=== Task statement ===
Wherever "Dinos" appears in the records below, copy the line that holds it.

=== Listed records ===
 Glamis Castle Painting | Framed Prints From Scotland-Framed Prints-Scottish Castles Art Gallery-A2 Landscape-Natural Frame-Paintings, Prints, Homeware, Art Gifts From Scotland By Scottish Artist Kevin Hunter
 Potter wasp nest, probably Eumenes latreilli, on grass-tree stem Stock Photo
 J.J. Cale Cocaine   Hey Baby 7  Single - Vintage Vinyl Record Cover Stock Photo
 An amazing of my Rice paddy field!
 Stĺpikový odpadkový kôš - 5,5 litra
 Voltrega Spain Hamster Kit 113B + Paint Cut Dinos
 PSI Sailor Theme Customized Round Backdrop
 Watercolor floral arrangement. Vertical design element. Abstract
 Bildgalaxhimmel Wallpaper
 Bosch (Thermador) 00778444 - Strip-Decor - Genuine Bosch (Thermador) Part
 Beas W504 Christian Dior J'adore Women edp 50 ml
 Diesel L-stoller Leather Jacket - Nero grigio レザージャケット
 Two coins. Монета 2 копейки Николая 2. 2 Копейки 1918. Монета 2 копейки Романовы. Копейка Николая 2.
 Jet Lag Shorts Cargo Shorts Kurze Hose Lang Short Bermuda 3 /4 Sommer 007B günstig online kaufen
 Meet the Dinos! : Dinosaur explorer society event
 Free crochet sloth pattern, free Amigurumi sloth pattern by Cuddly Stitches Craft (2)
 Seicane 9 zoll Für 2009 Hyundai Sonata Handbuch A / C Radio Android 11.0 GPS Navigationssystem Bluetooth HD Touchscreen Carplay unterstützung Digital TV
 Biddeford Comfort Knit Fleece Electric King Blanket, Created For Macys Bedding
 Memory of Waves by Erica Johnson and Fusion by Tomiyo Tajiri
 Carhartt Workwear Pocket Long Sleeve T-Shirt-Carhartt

=== Answer ===
 Voltrega Spain Hamster Kit 113B + Paint Cut Dinos
 Meet the Dinos! : Dinosaur explorer society event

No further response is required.